Problem requirements: Take the lines in the listing below from the line with "Silver Grey Signature" up to and including the line with "Fashionable Woman Photographic" and set them down exactly, skipping pictures and adding nothing.

Input material:
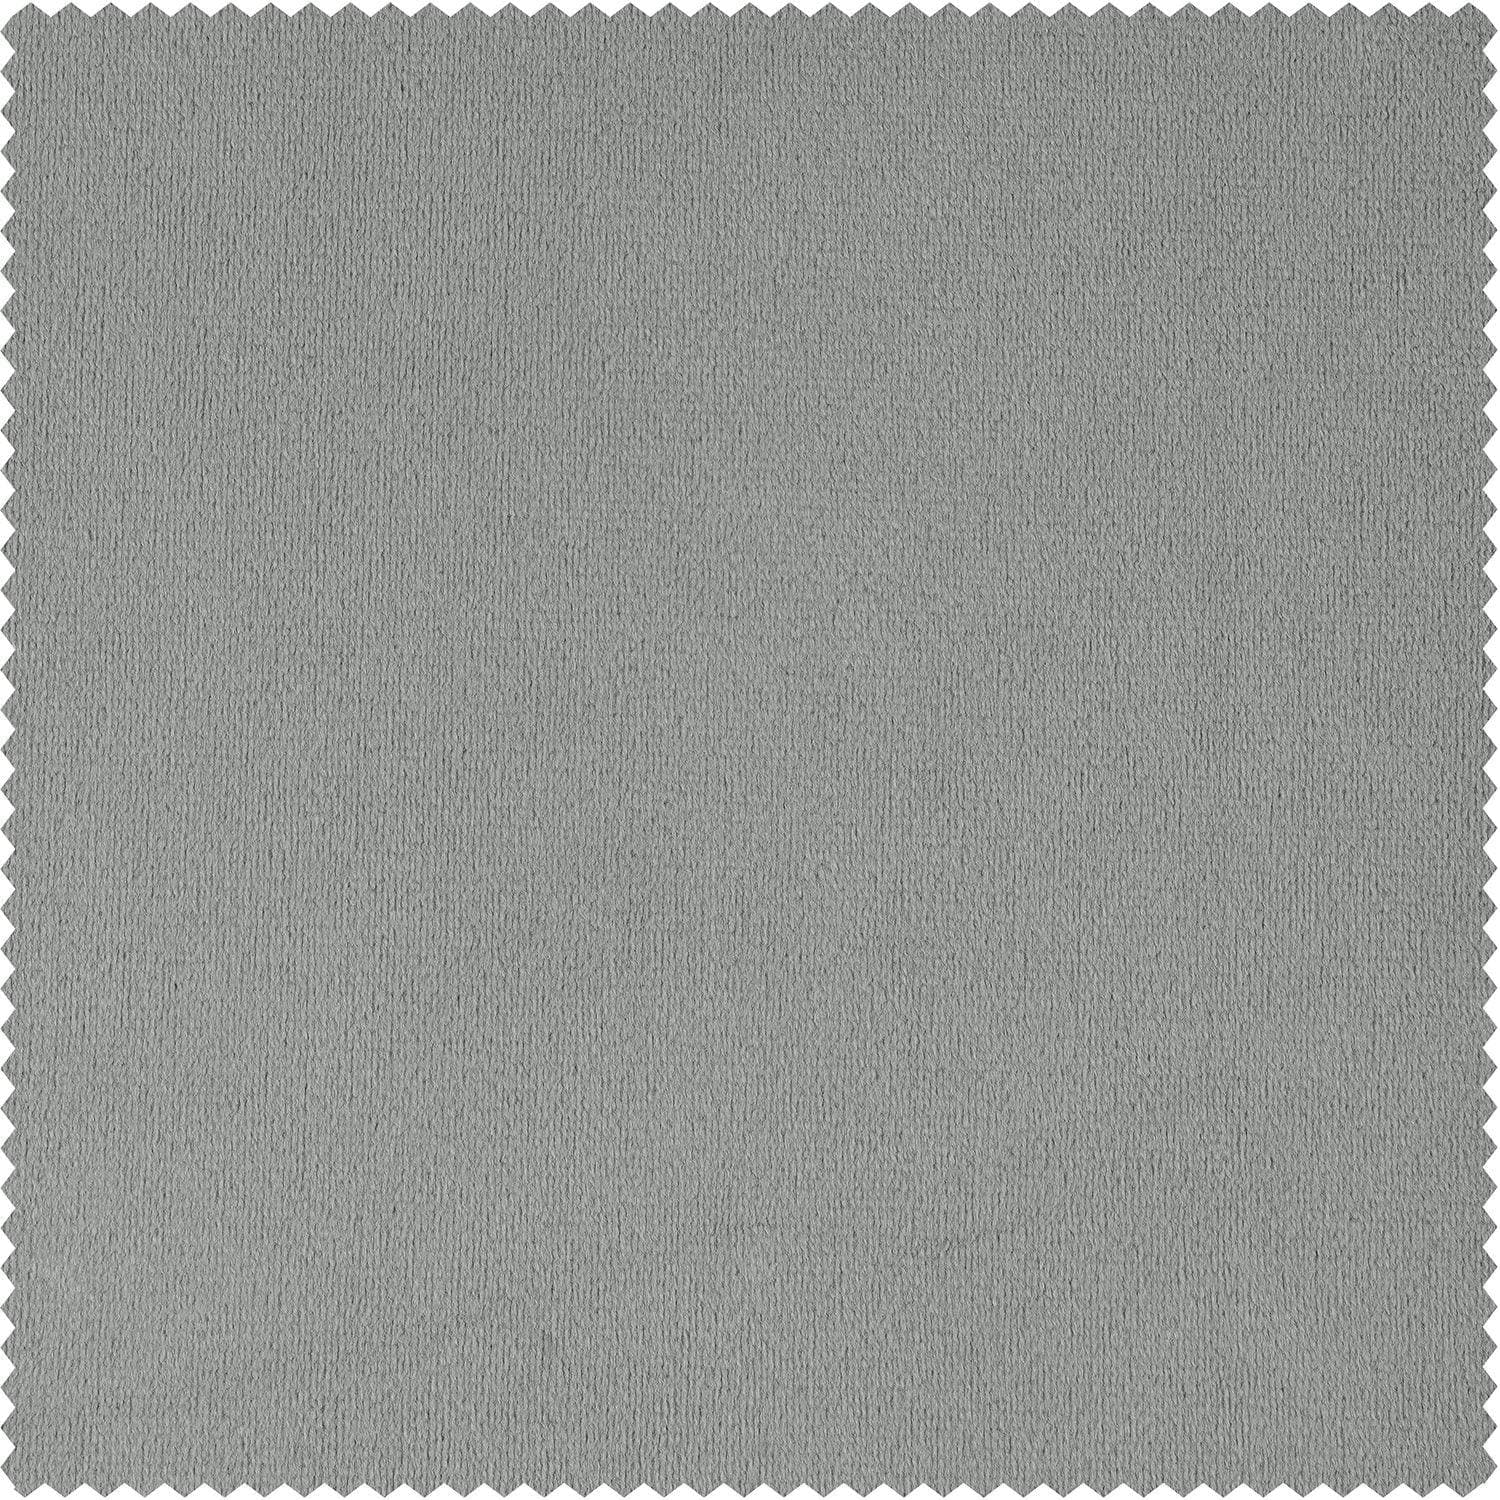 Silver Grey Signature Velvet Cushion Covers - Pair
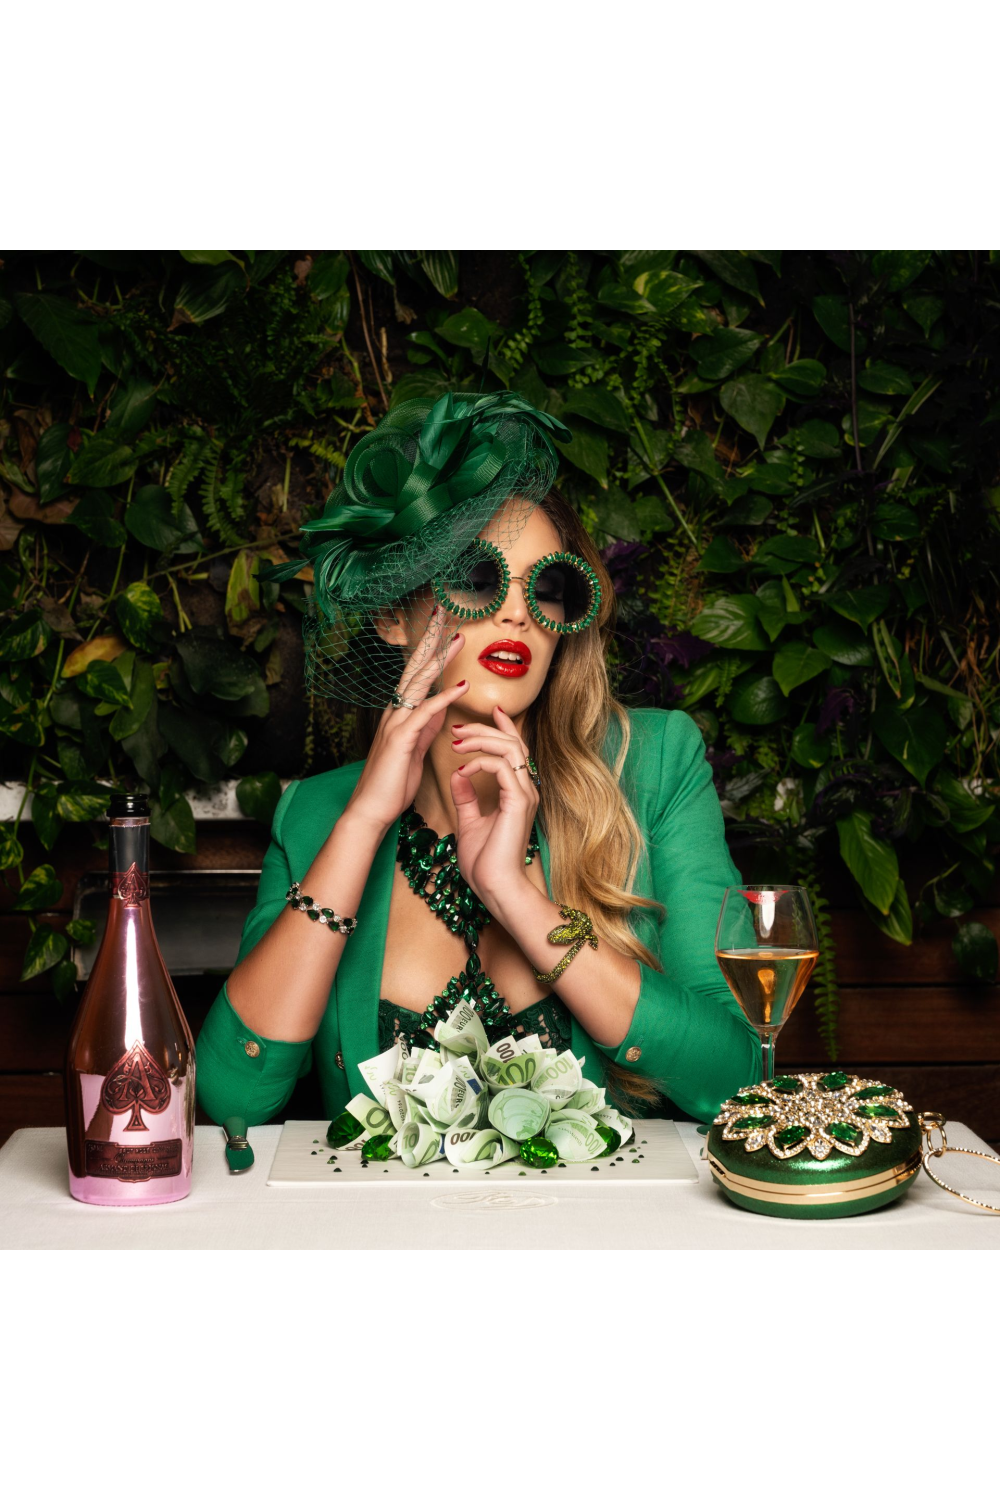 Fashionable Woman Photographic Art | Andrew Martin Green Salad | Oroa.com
...
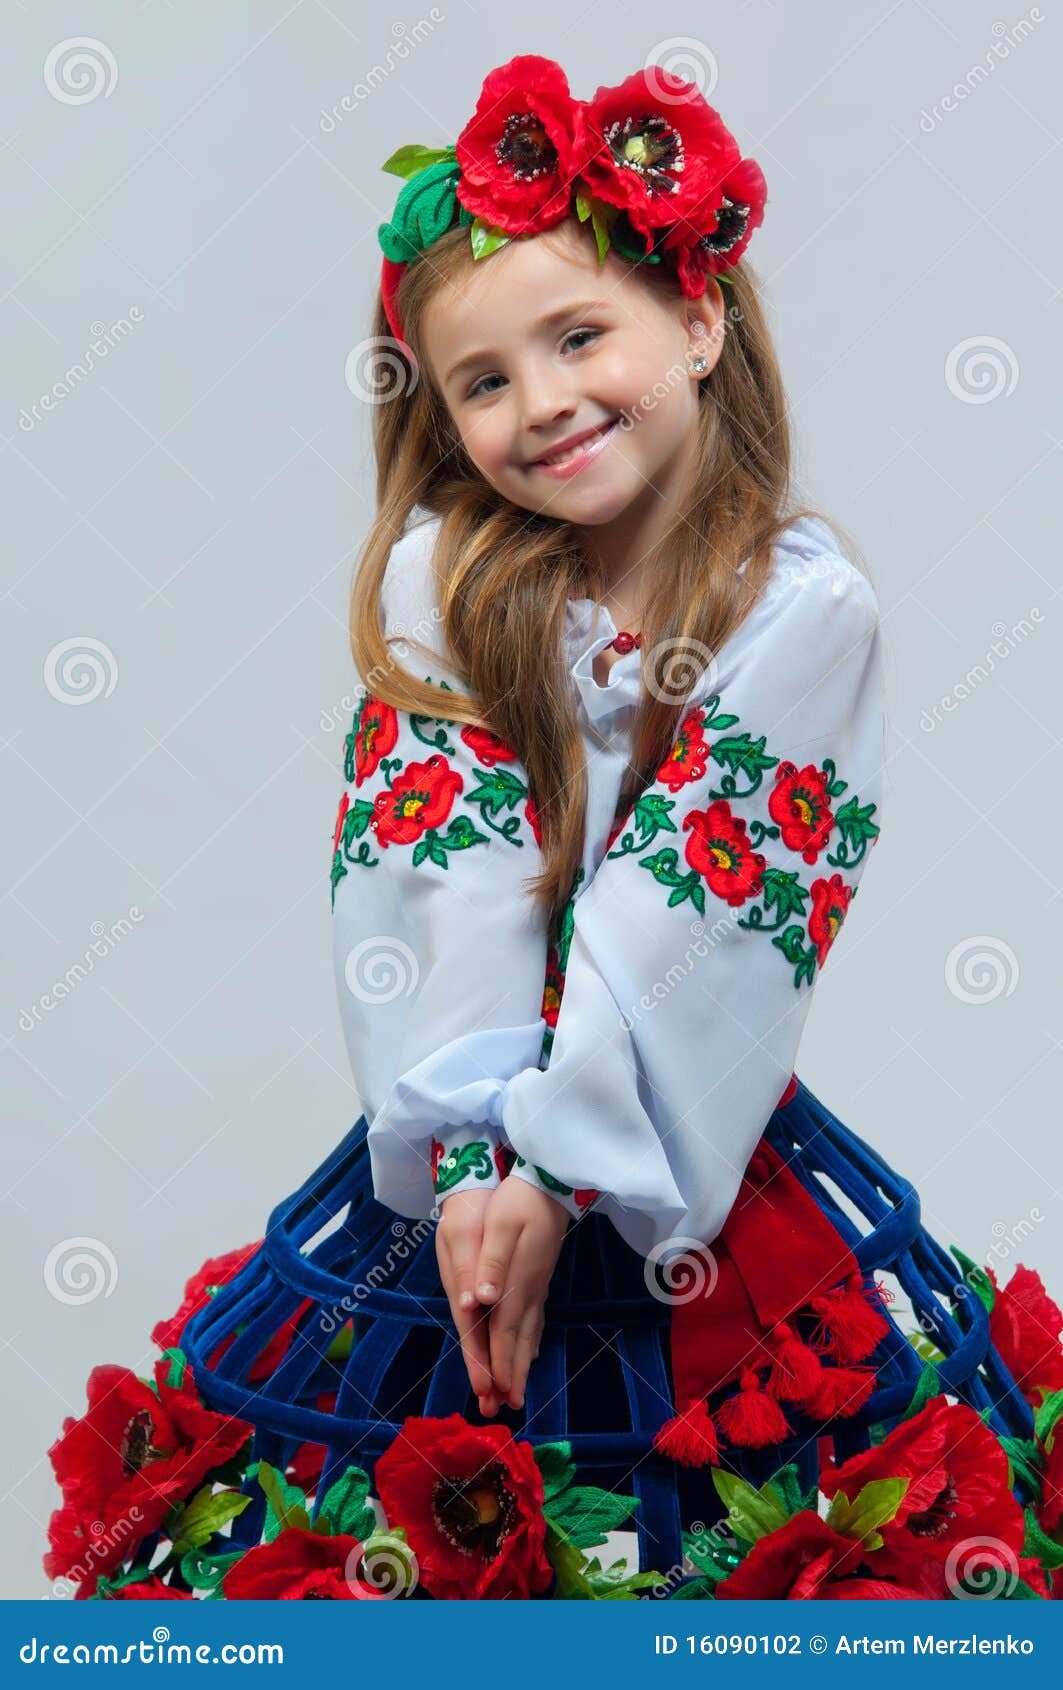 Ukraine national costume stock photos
* * *
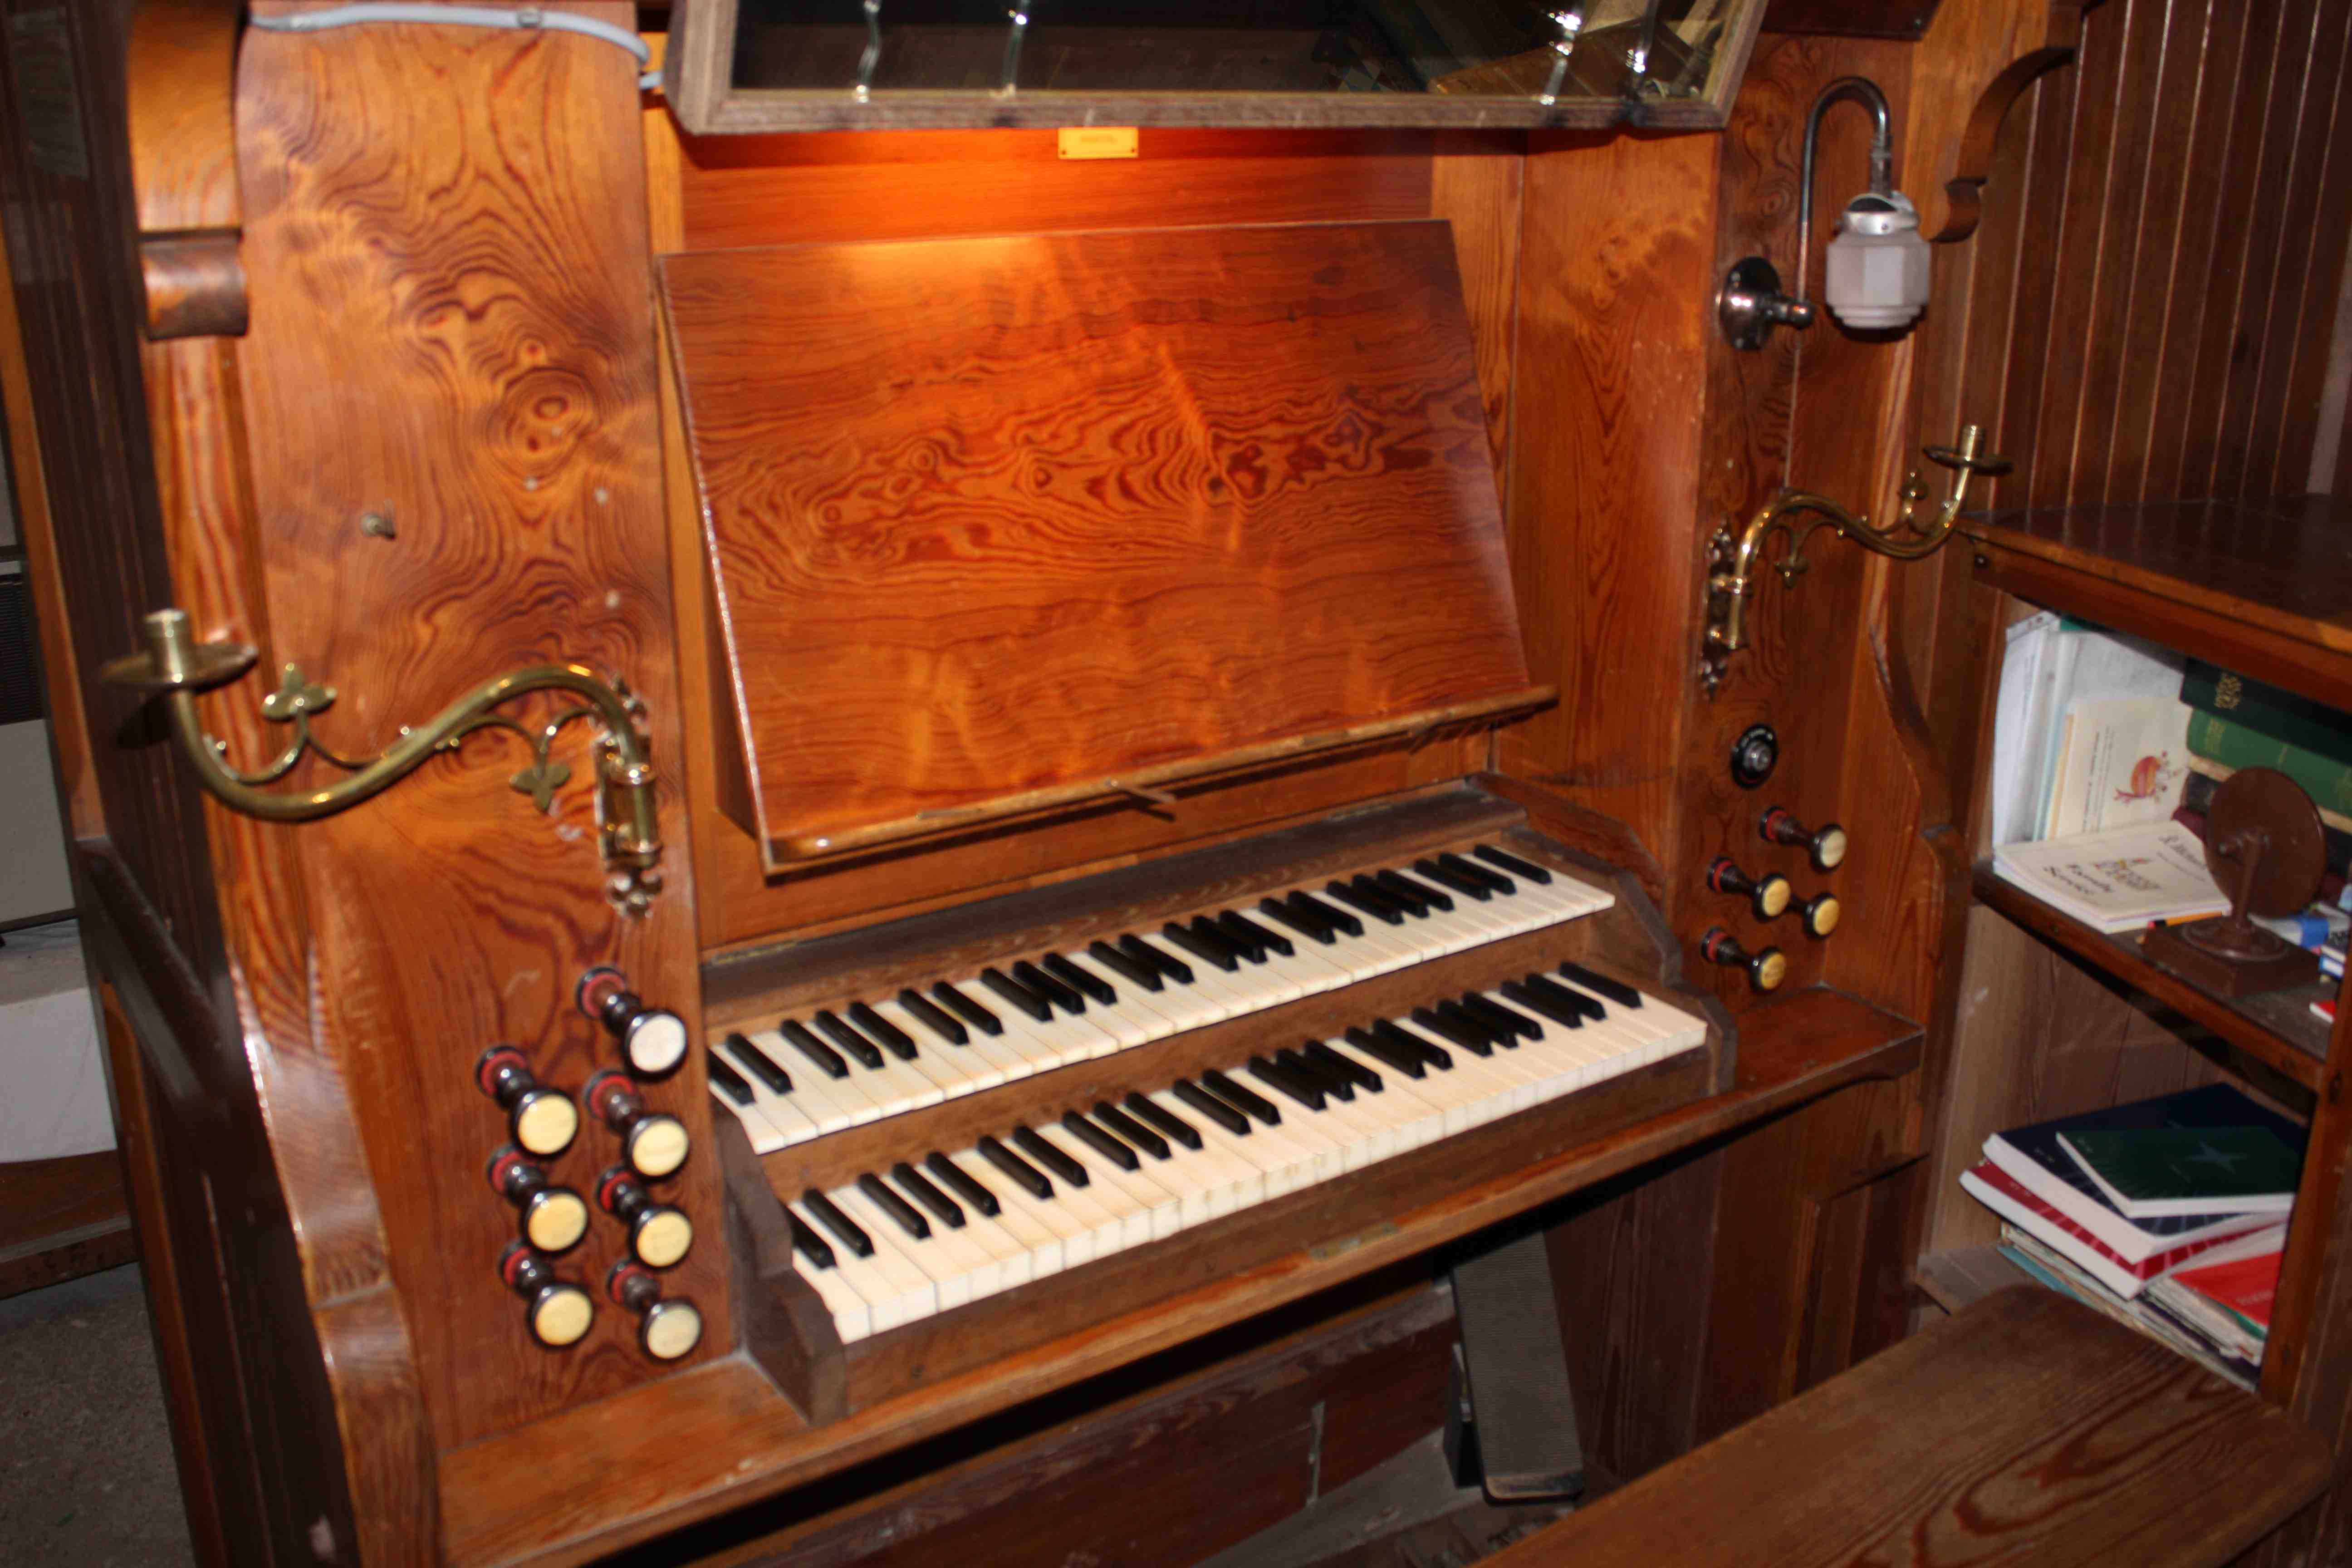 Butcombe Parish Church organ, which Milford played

Answer to this problem:
 Silver Grey Signature Velvet Cushion Covers - Pair
 Fashionable Woman Photographic Art | Andrew Martin Green Salad | Oroa.com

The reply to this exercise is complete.